#######
Rewards
#######
.. |br| raw:: html
The definition of a reward function is essential for reinforcement learning. For this reason, *Sinergym* allows you to use pre-implemented reward functions or to create custom ones.
The predefined reward functions in *Sinergym* are designed as multi-objective, incorporating both **energy consumption** and **thermal discomfort**. These are **normalised** and added with varying **weights**. The assigned weights for each term in the reward function enable the importance of each reward component to be adjusted.
It should be noted that pre implemented rewards are expressed in **negative** terms, signifying that optimal behavior results in a cumulative reward of 0. Separate temperature comfort ranges are defined for summer and winter periods.

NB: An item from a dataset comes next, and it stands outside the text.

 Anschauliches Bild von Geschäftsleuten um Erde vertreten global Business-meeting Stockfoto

The most basic definition of the reward signal in *Sinergym* consists of the following equation:
.. math:: r_t = - \omega \ \lambda_P \ P_t - (1 - \omega) \ \lambda_T \ (|T_t - T_{up}| + |T_t - T_{low}|)
Where: |br|
:math:`P_t` represents power consumption, |br|
:math:`T_t` is the current indoor temperature, |br|
:math:`T_{up}` and :math:`T_{low}` are the upper and lower comfort range limits, respectively, |br|
:math:`\omega` is the weight assigned to power consumption, and consequently, :math:`1 - \omega` represents the comfort weight, |br|
:math:`\lambda_P` and :math:`\lambda_T` are scaling constants for consumption and comfort penalties, respectively.

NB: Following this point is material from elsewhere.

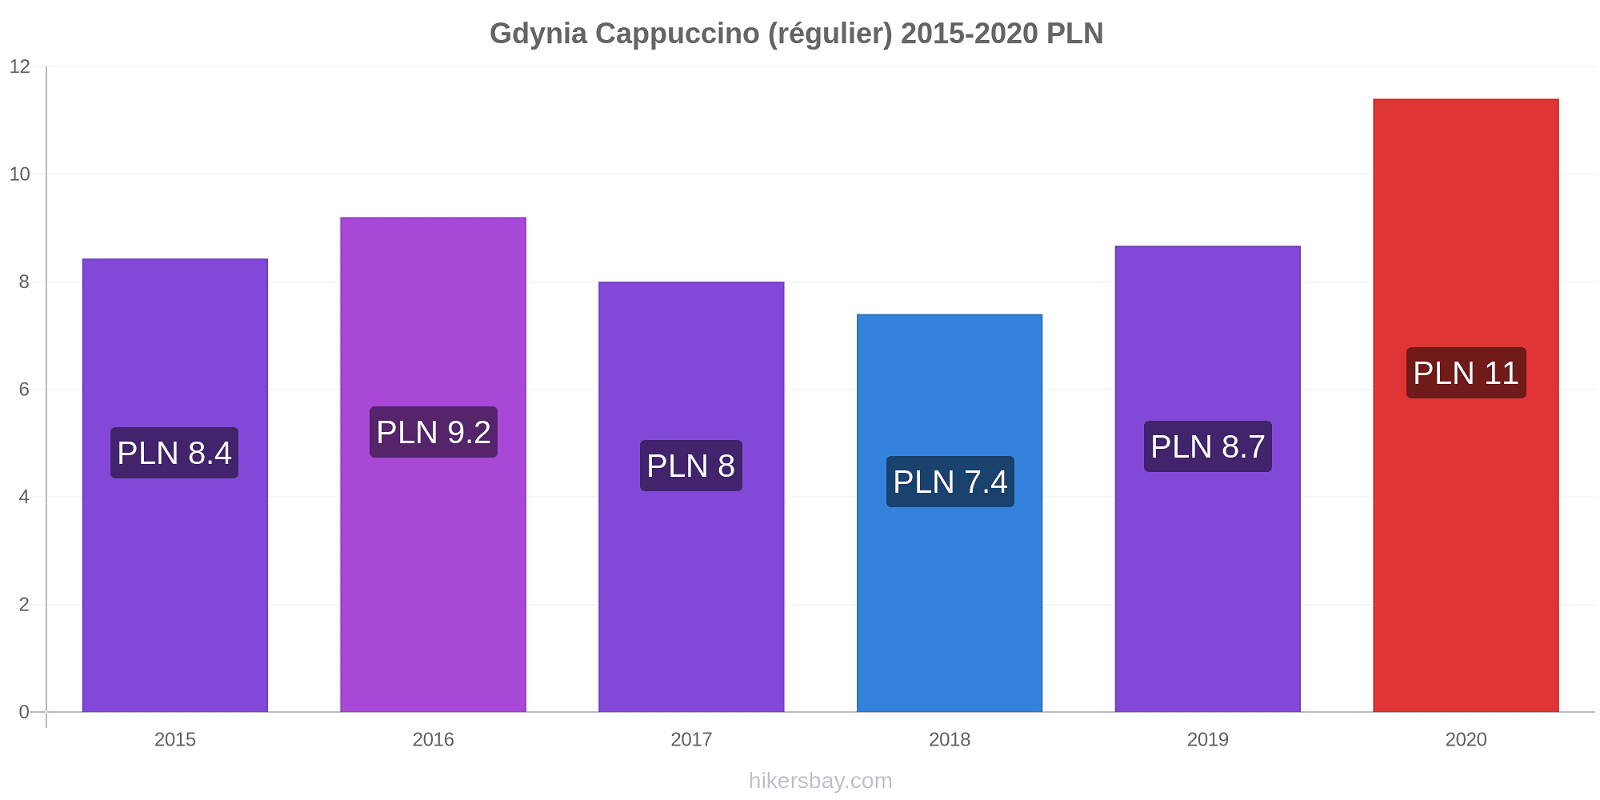 Gdynia changements de prix Cappuccino (régulier) hikersbay.com

.. warning:: The constants :math:`\lambda_P` and :math:`\lambda_T` are configured to create a proportional
relationship between energy and comfort penalties, with the objective of calibrating their magnitudes.
It is essential to adjust these constants when working with different buildings to ensure that the magnitude of both reward parts remains consistent.
Different types of reward functions are already pre-defined in *Sinergym*:
- ``LinearReward``: implements a **linear reward** function, where discomfort is calculated as the absolute
difference between the current temperature and the comfort range.
- ``ExpReward``: similar to the linear reward, but calculates discomfort using the **exponential difference**
between the current temperature and comfort ranges, resulting in a higher penalty for larger deviations
from target temperatures.
- ``HourlyLinearReward``: adjusts the weight assigned to discomfort based on the **hour of the day**.
- ``NormalizedLinearReward``: normalizes the reward components based on the maximum energy and comfort penalties. It is calculated using a moving average, and the :math:`\lambda_P` and :math:`\lambda_T` constants are not required to calibrate both magnitudes.
.. warning:: This reward function improves in accuracy as the simulation progresses, but is less accurate in the early stages when it is not yet balanced.
- ``EnergyCostLinearReward``: is a linear reward function which includes an **energy cost** term:
.. math:: r_t = - \omega_P \ \lambda_P \ P_t - \omega_T \ \lambda_T \ (|T_t - T_{up}| + |T_t - T_{low}|) - (1 - \omega_P - \omega_T) \ \lambda_{EC} \ EC_t
.. warning:: This function is used internally by the :ref:`EnergyCostWrapper` and it is not intended to be used otherwise.
It should be noted that the reward functions have parameters in their constructors, the values of which may vary based on the building used or other factors. The default setting is the ``LinearReward`` function with the standard parameters for each building. Please refer to the example in :ref:`Adding a new reward` for further details on how to define custom rewards.
.. warning:: When specifying a reward other than the default reward for a given environment ID, it is necessary to specify the
``reward_kwargs`` when calling ``gym.make``.
************
Reward terms
************
By default, reward functions return a **scalar value** and the values of the **terms** involved in its calculation. The values of these terms depend on the specific reward function used and are automatically added to the environment's ``info`` dictionary.
The reward structure generally matches the diagram below:
.. image:: /_static/reward_terms.png
:scale: 13 %
:alt: Reward terms
:align: center
**************
Custom rewards
**************
Defining custom reward functions is straightforward. For instance, a reward signal that always returns -1 can be implemented as follows:
.. code:: python
from sinergym.utils.rewards import BaseReward
class CustomReward(BaseReward):
"""Naive reward function."""
def __init__(self, env):
super(CustomReward, self).__init__(env)
def __call__(self, obs_dict):
return -1.0, {}
env = gym.make('Eplus-discrete-stochastic-mixed-v1', reward=CustomReward)
For advanced reward functions, we recommend inheriting from the main class, ``LinearReward``, and overriding the default methods.
Pre-defined reward functions simplify observation processing to extract consumption and comfort violation data, from which penalty values are calculated. Weighted reward terms are then computed from these penalties and subsequently added.
.. image:: /_static/reward_structure.png
:scale: 17 %
:alt: Reward steps structure
:align: center